:: Instructions for the task ::
Please repeat the whole listing exactly, but leave the pictures out.
-------- Dataset content --------
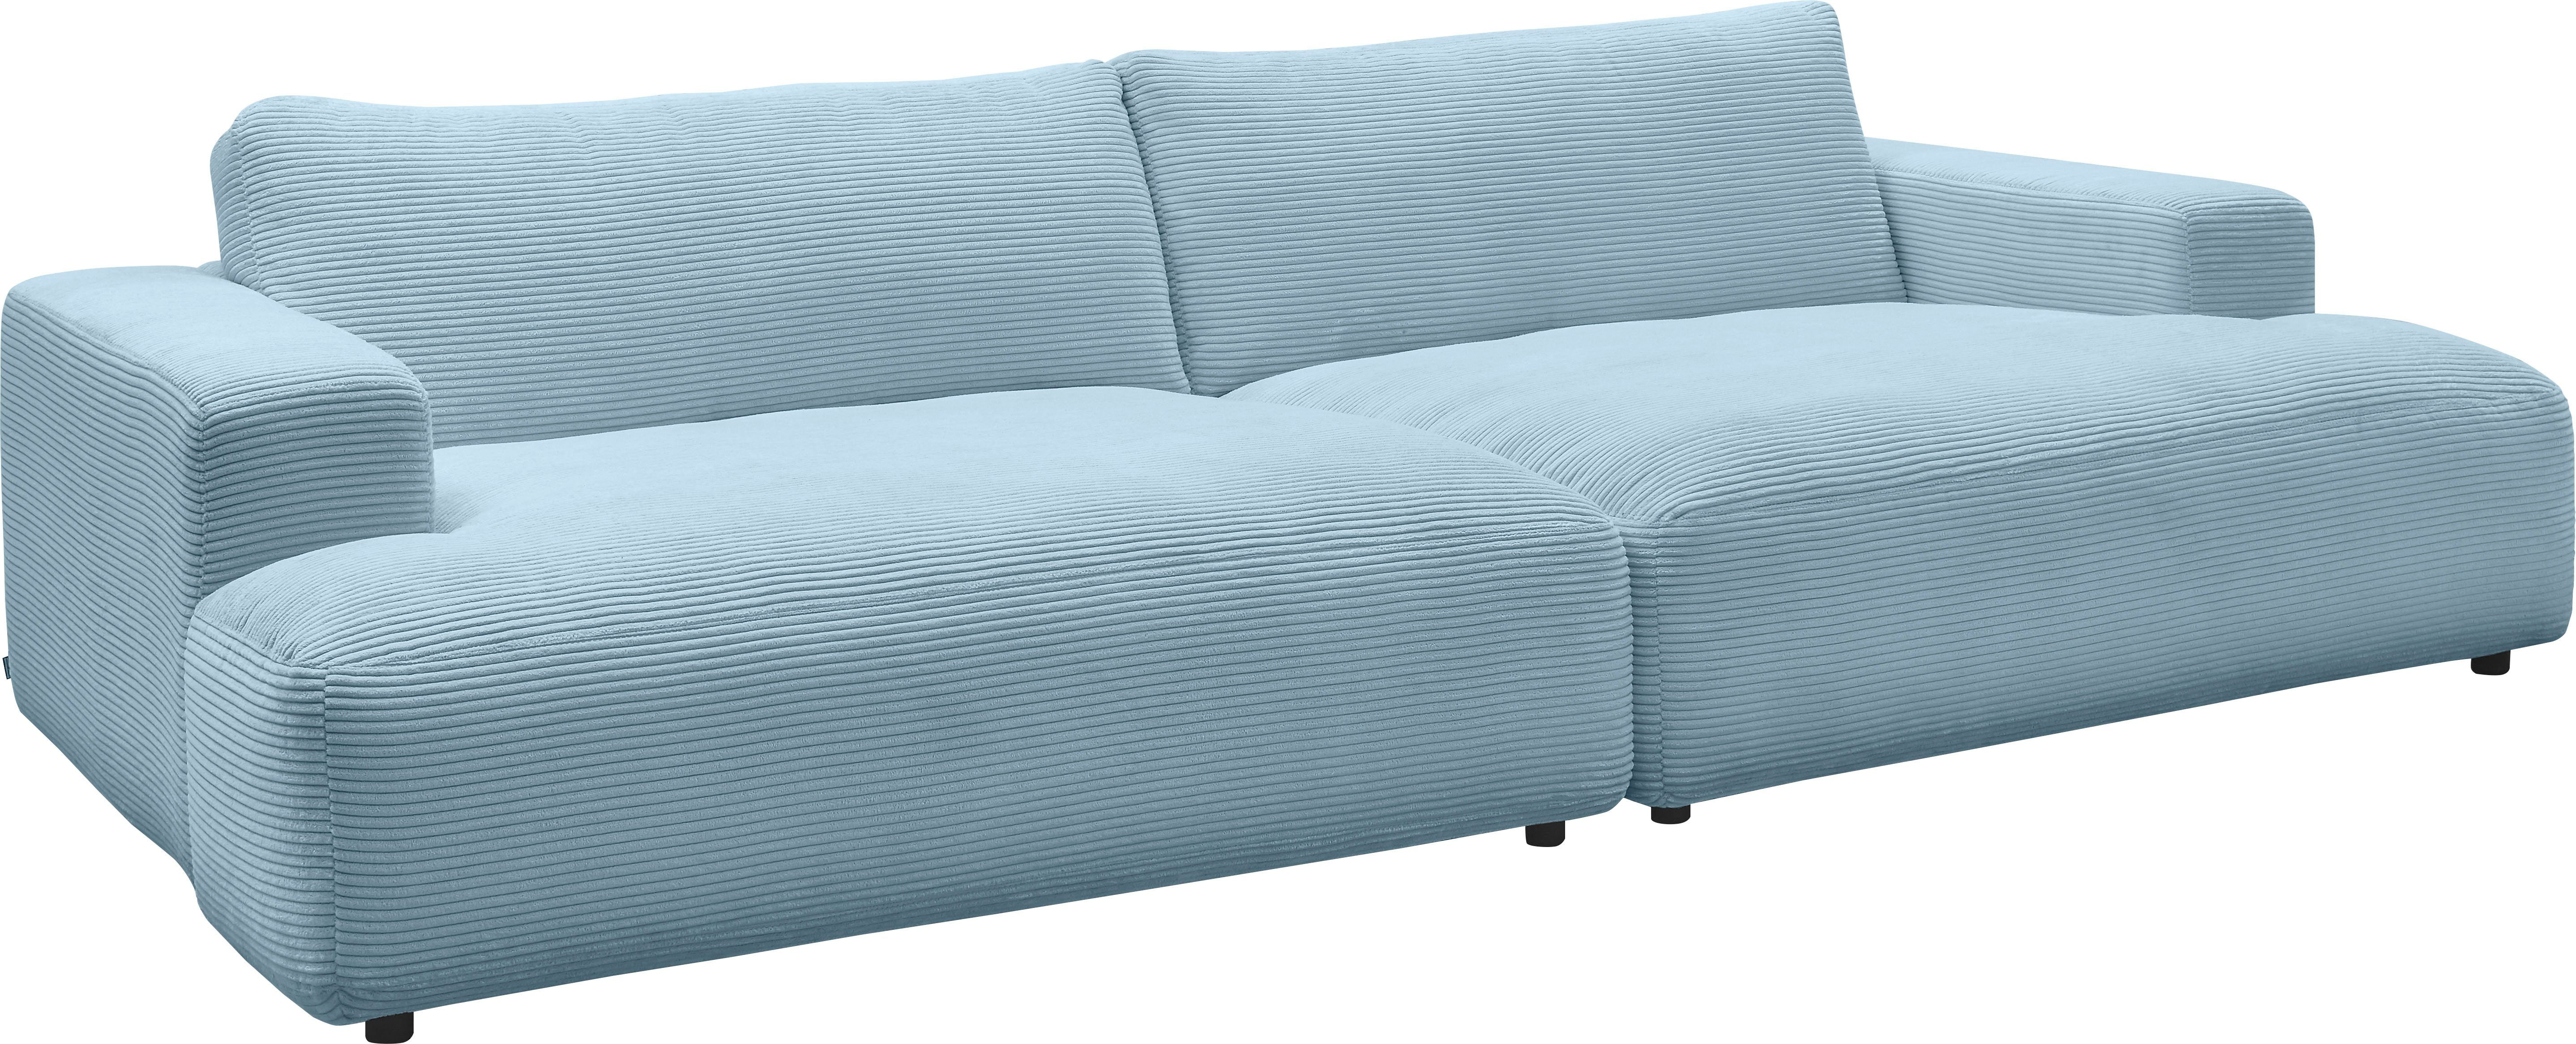 Musterring by light-blue Lucia, 292 Cord-Bezug, Loungesofa GALLERY branded M cm Breite
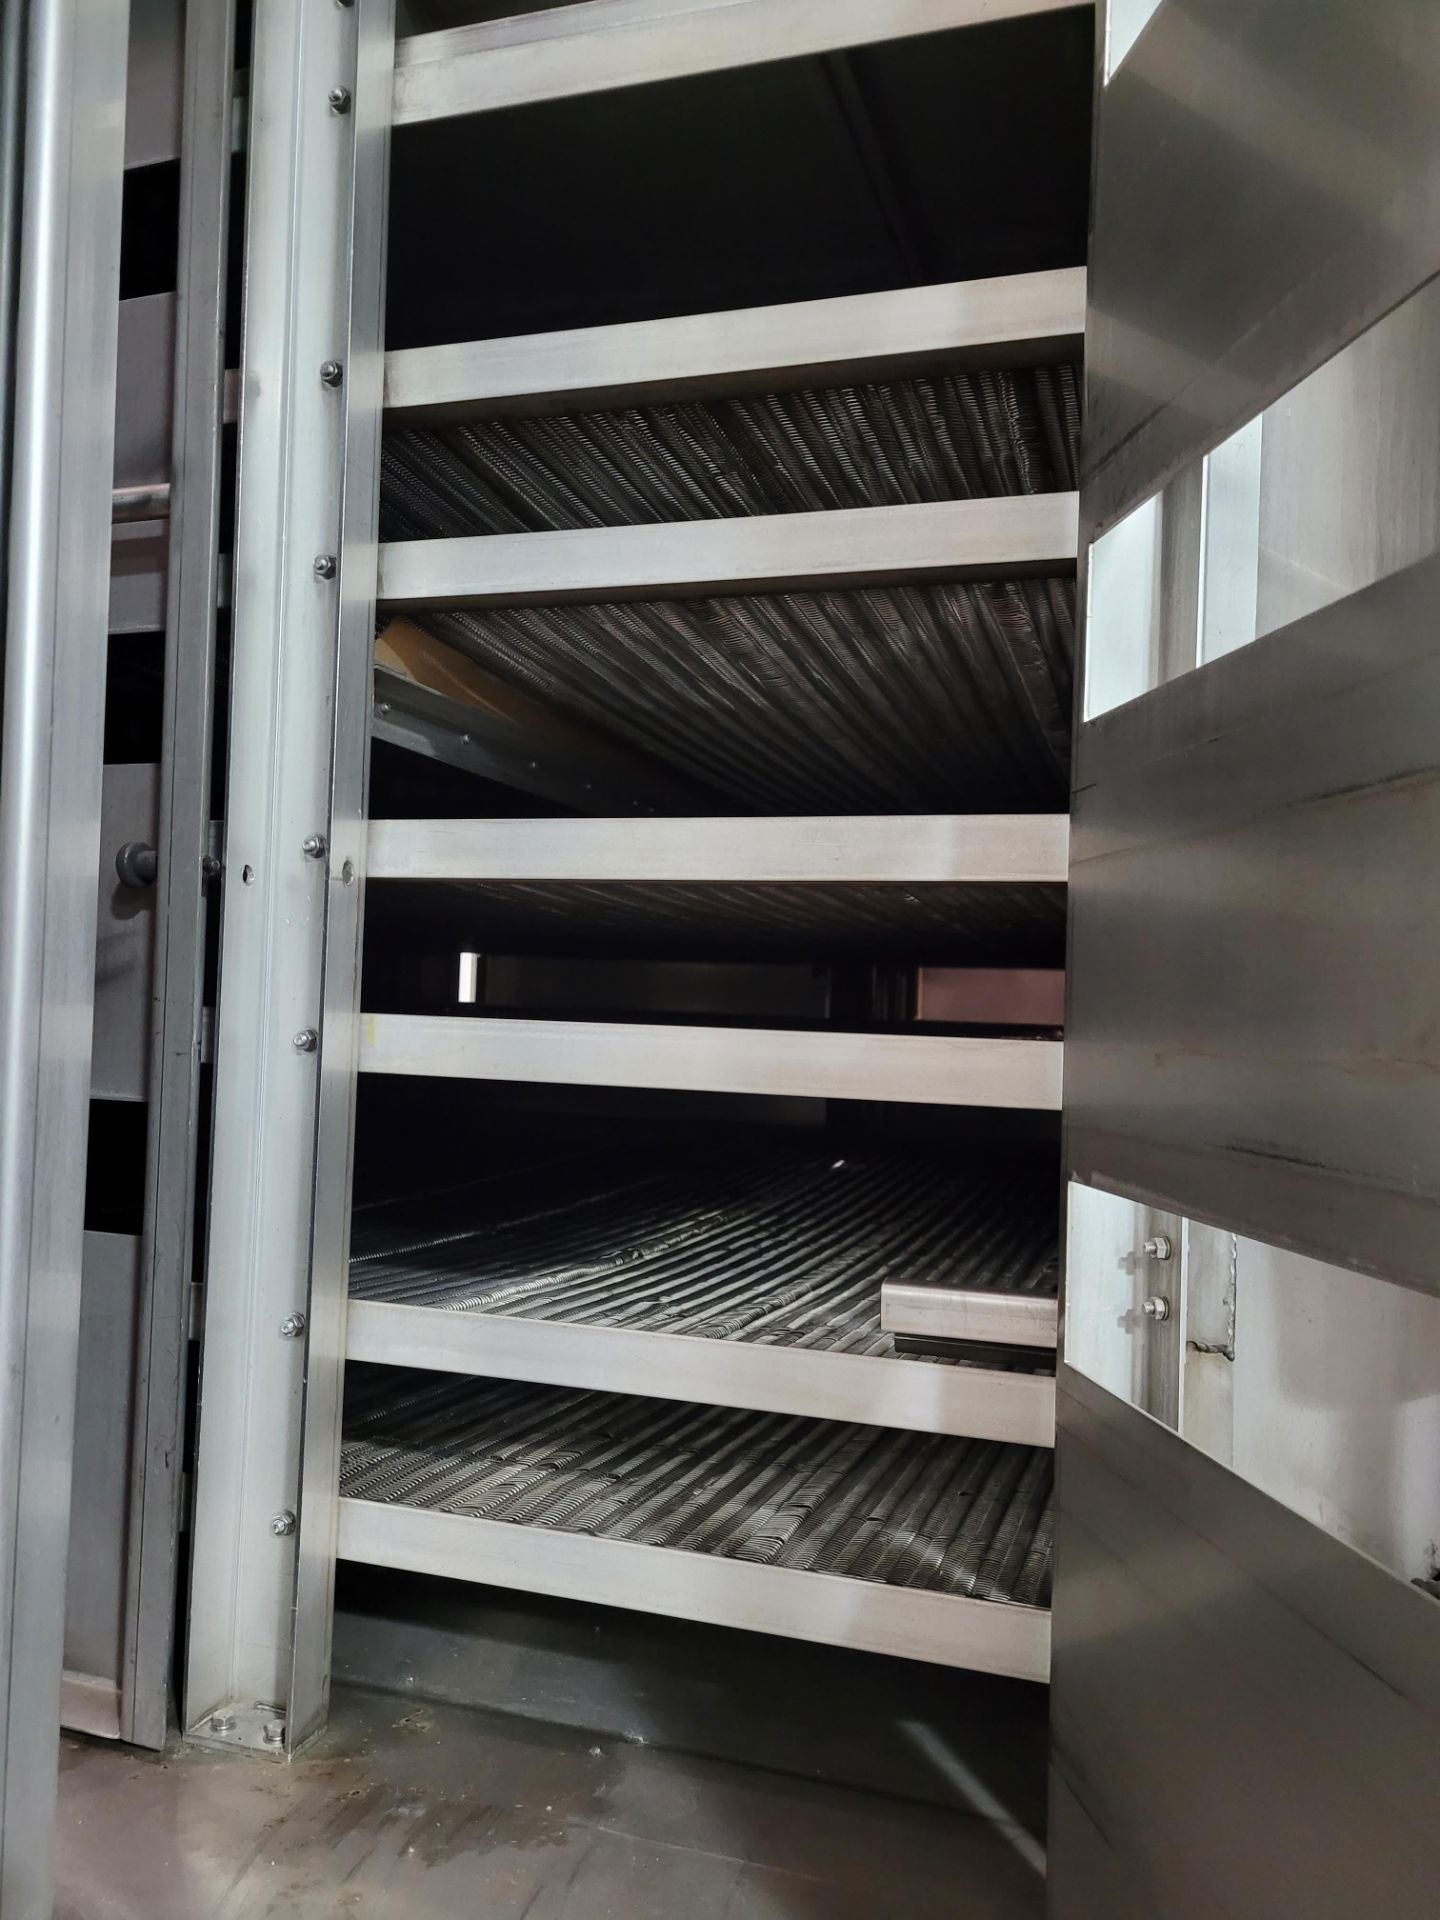 PASTA TECHNOLOGIES GROUP 3-Tier conveyor dryer Mod. INT-40-3-15, S/N 005081102 including temp and - Image 6 of 7
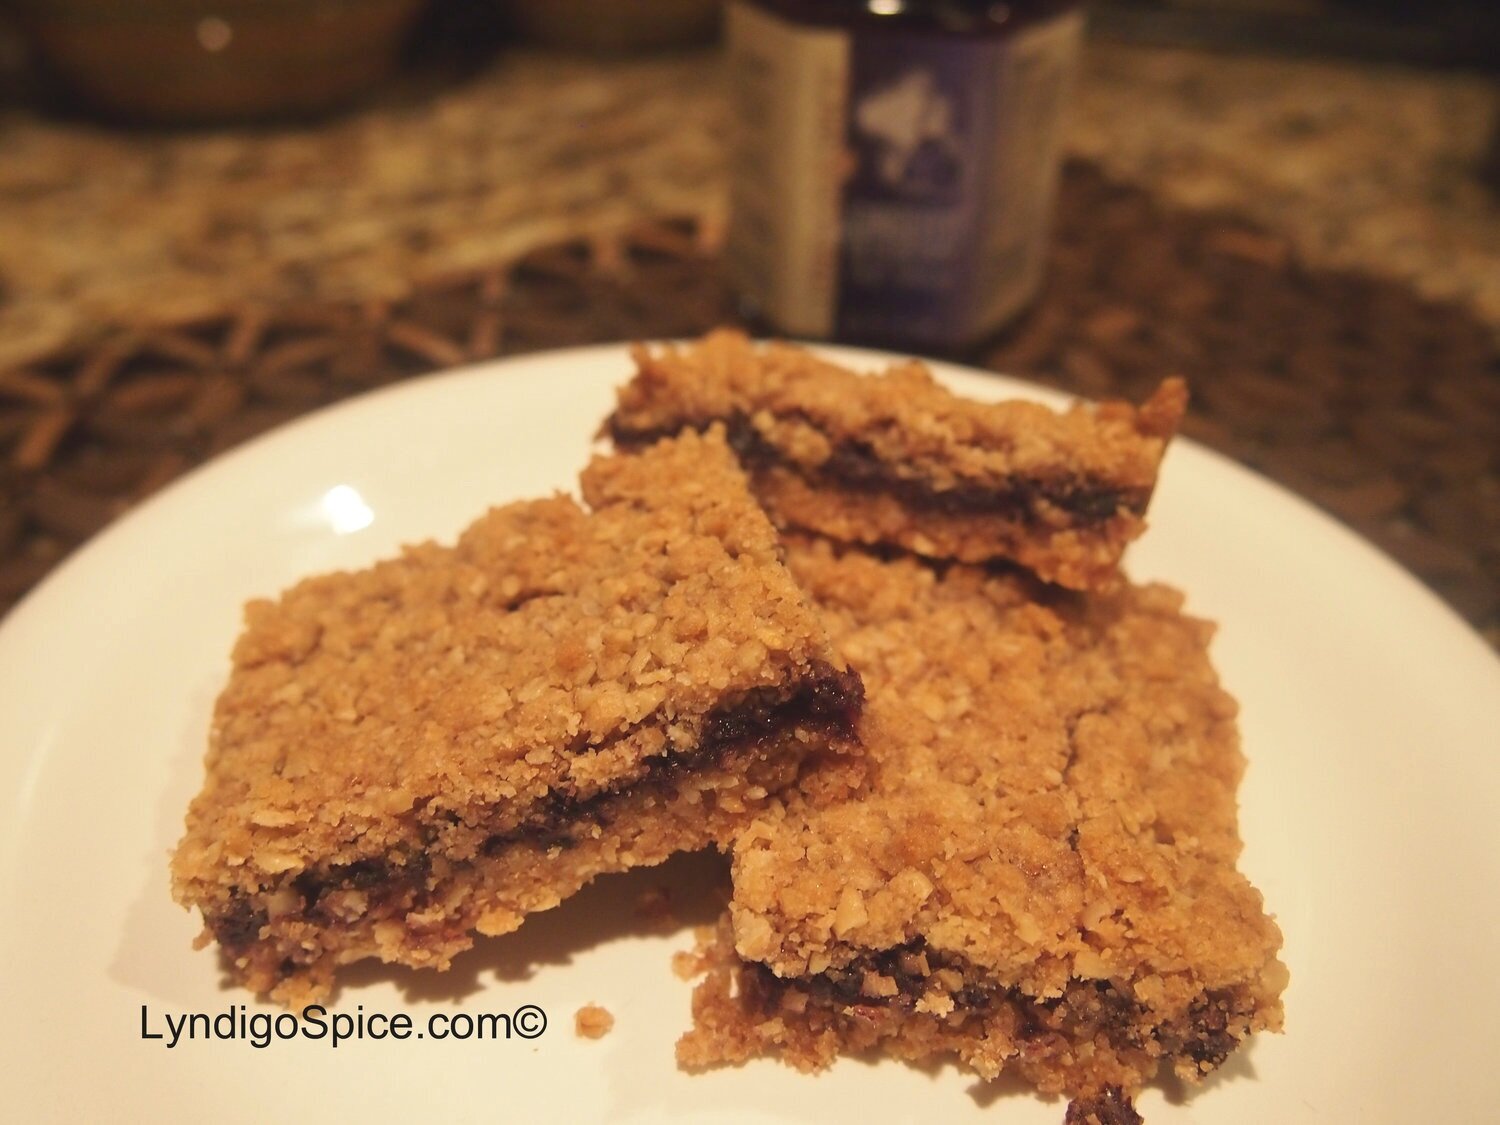 *Oatmeal Breakfast Bars with Gingery Blueberry Fruit Spread
--------
:: Answer for the task ::
 Musterring by light-blue Lucia, 292 Cord-Bezug, Loungesofa GALLERY branded M cm Breite
 PASTA TECHNOLOGIES GROUP 3-Tier conveyor dryer Mod. INT-40-3-15, S/N 005081102 including temp and - Image 6 of 7
 *Oatmeal Breakfast Bars with Gingery Blueberry Fruit Spread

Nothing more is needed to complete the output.